Соприкосновение с противником было утеряно. Противник остановился, и произошла случайная передышка.
Осень стояла мокрая. Грунтовые дороги развезло, и в них тонули подводы интендантских транспортов. Подвоз с тыла прекратился, и полки были предоставлены самим себе. Они посылали фуражиров по окрестным деревням для закупки сена и овса.
Утром хмурого декабрьского дня Карпов проснулся задолго до рассвета. Его мучила забота. Ему надо было ехать за сорок вёрст в штаб корпуса по тяжёлому и неприятному делу. Несколько дней тому назад два фуражира 1-й сотни, Скачков и Малов, были посланы за Вислу, в Галицию, за сеном. В одной хате они нашли много сена, но старик русин и его молодая дочь отказались продавать сено. Тогда Скачков с Маловым сами наложили сотенную подводу сеном и пришли к русину, чтобы рассчитаться за неё. Русин отказался принять деньги, а его дочь стала ругаться. «Разбойники вы! Воры и Государь ваш такой же вор!» — кричала она. «Нас ругай, мы смолчим, — строго сказал ей Малов, — а Государя нашего обижать не смей, а то плохо будет». Но баба разошлась. Она стала поносить Государя последними словами. «Тогда, — как показывал потом Малов, — не стерпел я такой обиды, затмение на меня нашло, я взял, приложился в сердцах в злую бабу из винтовки, выстрелил и положил её на месте». Дело получило огласку, наехали полевые жандармы, сбежался народ, да и Малов не таился, чистосердечно все рассказал. «Что у ей, — говорил он, — души у ей нет, один пар, жалеть её не приходится, а ругать Государя она не смеет». Но дело обернулось серьёзно, полевой суд усмотрел в этом мародёрство и убийство, и Малова приговорили к смертной казни через расстреляние.

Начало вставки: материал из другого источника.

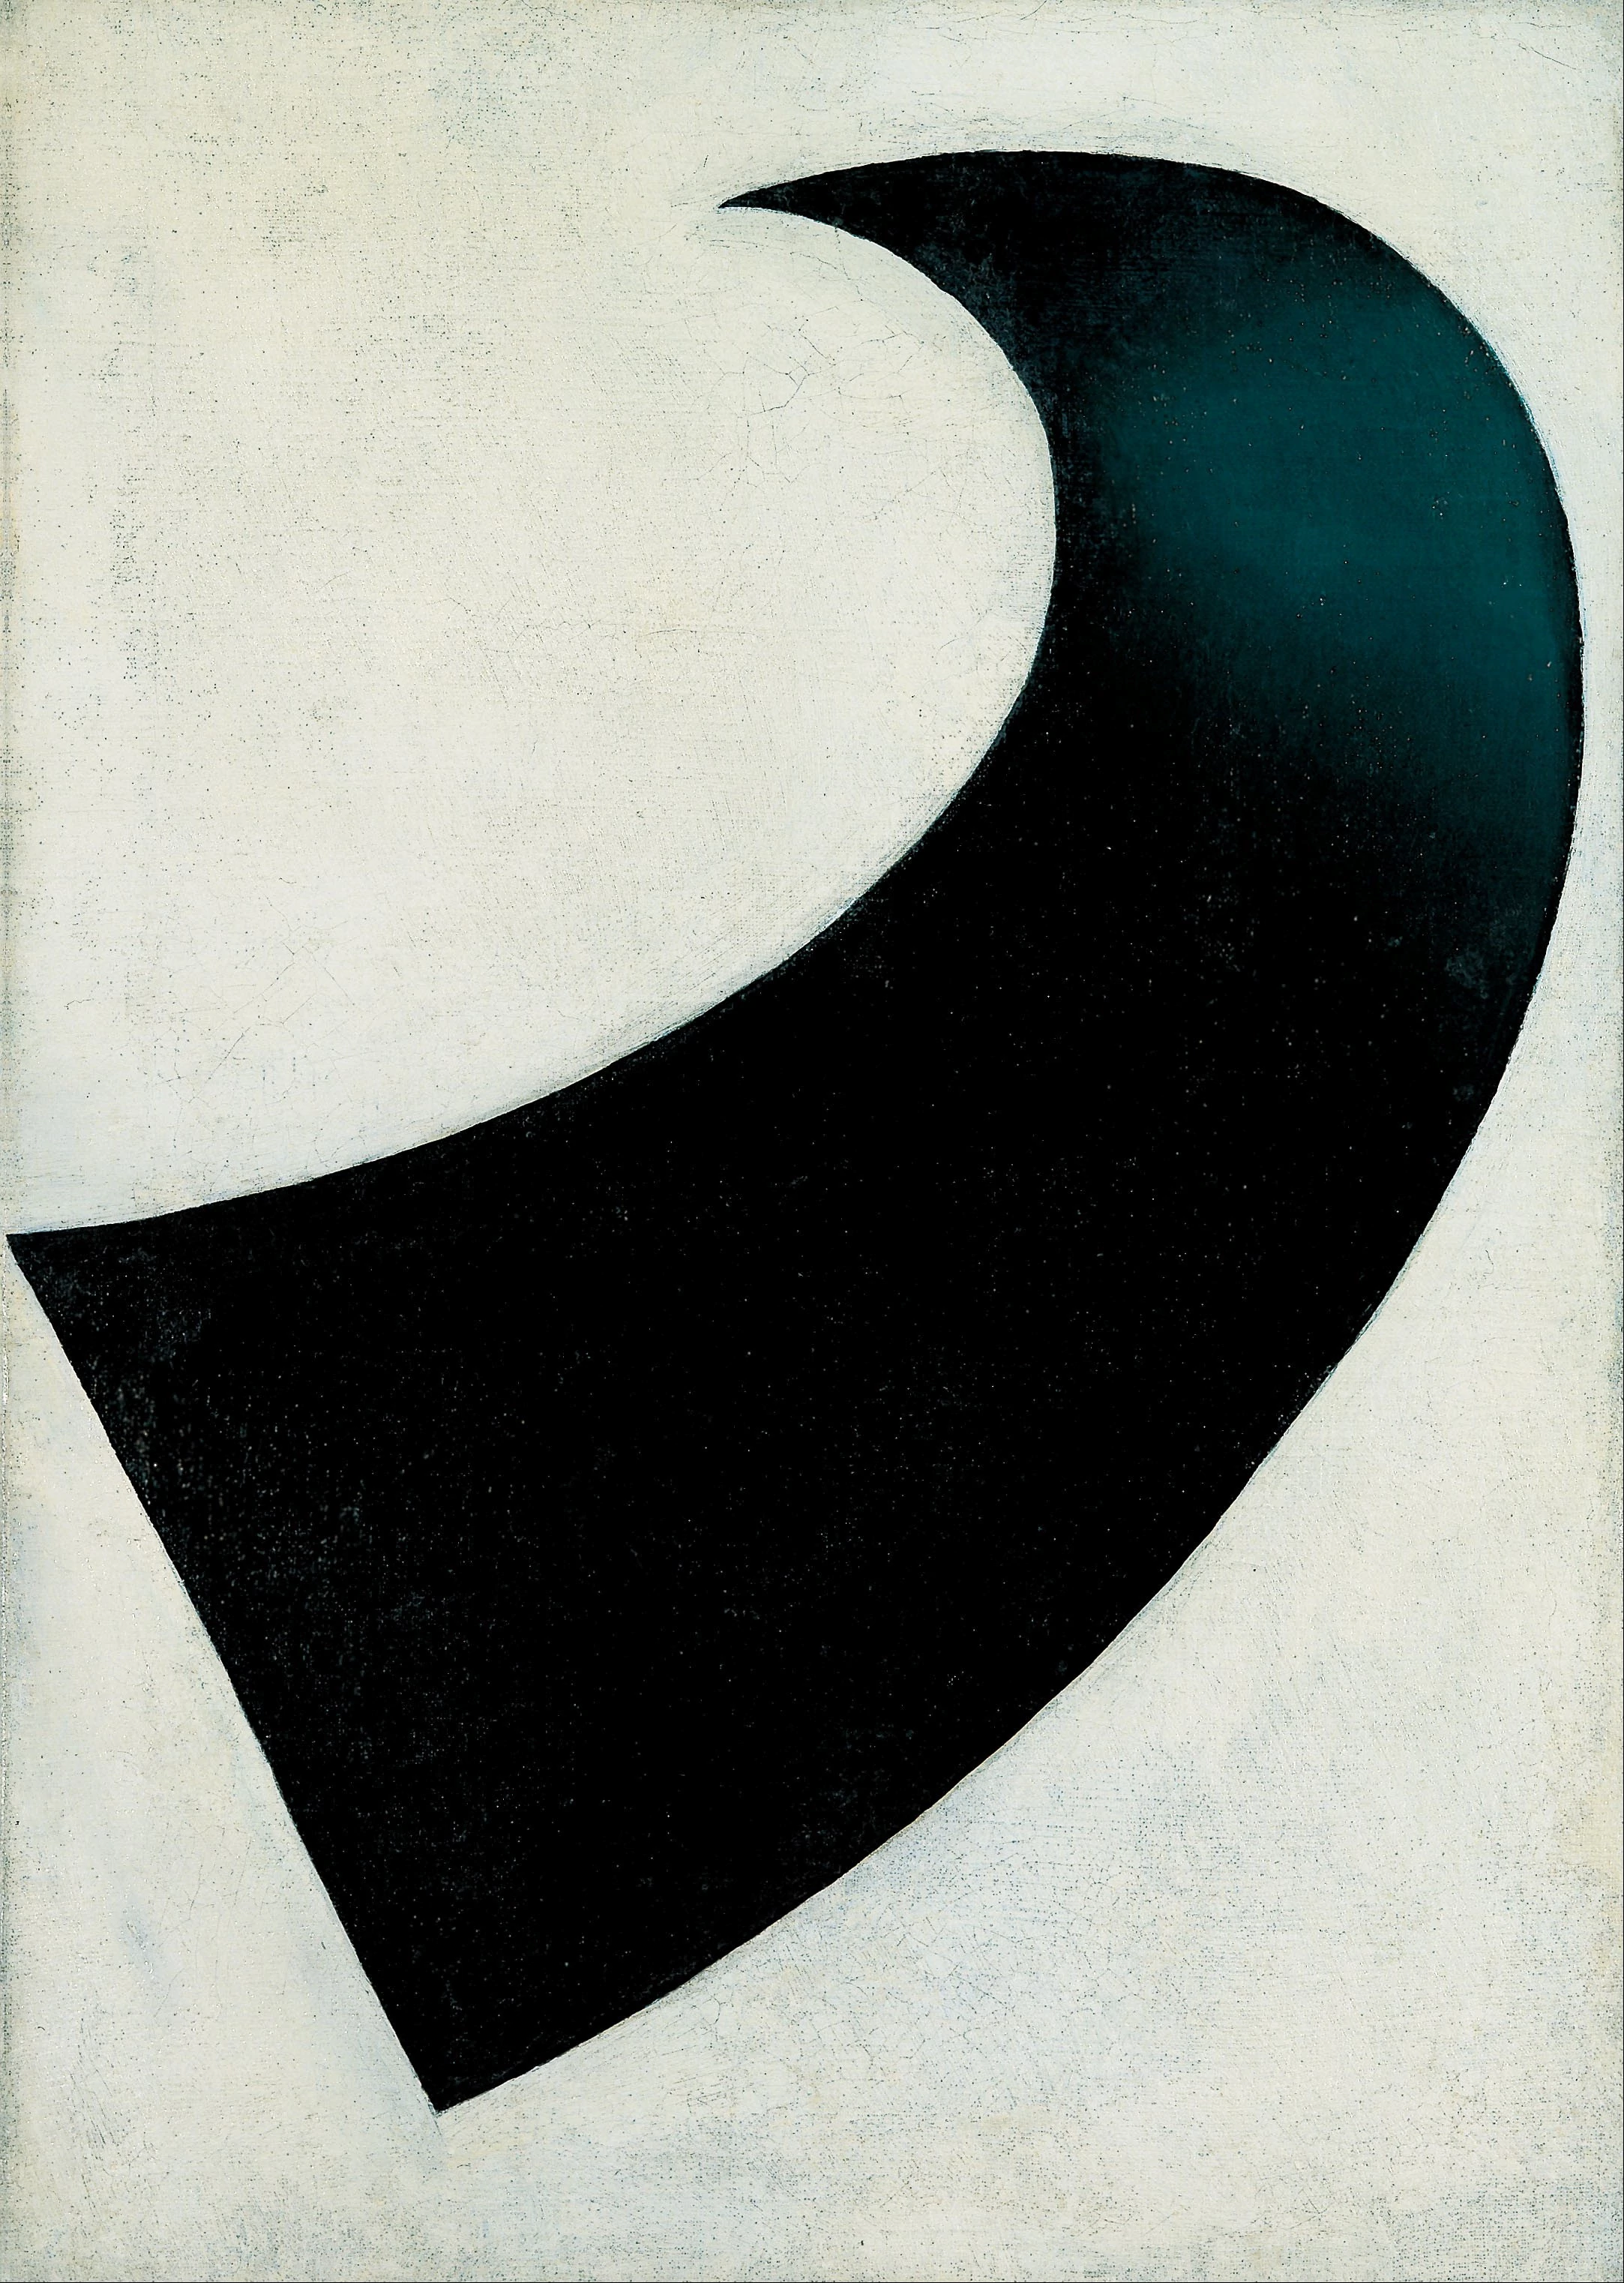 Suprematism, Kazimir Malevich

Карпов не мог этого допустить. Он слишком был христианином, чтобы не ставить выше всего побуждения сердца. Он понимал, что в поступке Малова не было убийства, а была запальчивость и святое и гордое чувство глубокого и сильного, до самозабвения патриотизма, и в сердце своём Карпов, не оправдывая Малова, не обвинял его. Малов был храбрый казак, уже имевший Георгиевский крест. Карпов знал его отца, мать, деда и бабку, знал весь обиход их станичной жизни и понимал, что смертная казнь сына Маловых убьёт всю его семью. Эта казнь казалась ему чудовищной, особенно на войне, где и так легко было умереть и где так дороги были такие честные и верные казаки, как Малов. Он переговорил обо всём этом с начальником дивизии и, с его разрешения, решил ехать с личным ходатайством за Малова к командиру корпуса. Ночь он не спал. В маленькой убогой хате крестьянина в Хвалибоговице было холодно и грязно. Карпов ворочался на жёсткой походной койке. Рядом на сдвинутых скамьях, на сене, спал адьютант. На печи лежал сам хозяин. За окном стояла холодная лунная ночь, и лучи месяца падали в избушку. В углу, под образами и литографированной картиной Ченстоховской Божией Матери в короне, стояло тёмное знамя в чехле, и Карпову чудилось, что знамя благословляет его на поездку.
Встал он в пять часов утра. Николай, его денщик, зажёг жестяную лампочку, поставил на стол и принёс ему чай. И он и вестовой, седлавший лошадь, и оба трубача, Лукьянов и Пастухов, которые должны были с ним ехать, знали, зачем едет их командир, и сочувствовали ему.
В шесть часов утра Карпов сел на лошадь и поехал по подмерзшей дороге на восток. Луна красным диском спускалась за тёмный лес, смутно рисовалась узкая дорога между густых кустов. Карпов ехал то шагом, то рысью, думая свои думы. Он видел станицу и Маловых, у которых бывал, видел осанистого с красивой седою бородою деда Малова с Георгиевским крестом за Ловчу и не мог представить, что почувствует старик, когда его внук будет расстрелян по приговору полевого суда. Он обдумывал, что и как скажет командиру корпуса, генералу Пестрецову, и ему его речь казалась такой убедительной, что Пестрецов не мог не тронуться ею.
В двенадцать часов дня он въезжал в железные ворота большого парка господского дома Борки, где помещался штаб корпуса. Ему было странно, что штаб корпуса помещался так далеко от фронта, но он не думал об этом и не придавал этому никакого значения.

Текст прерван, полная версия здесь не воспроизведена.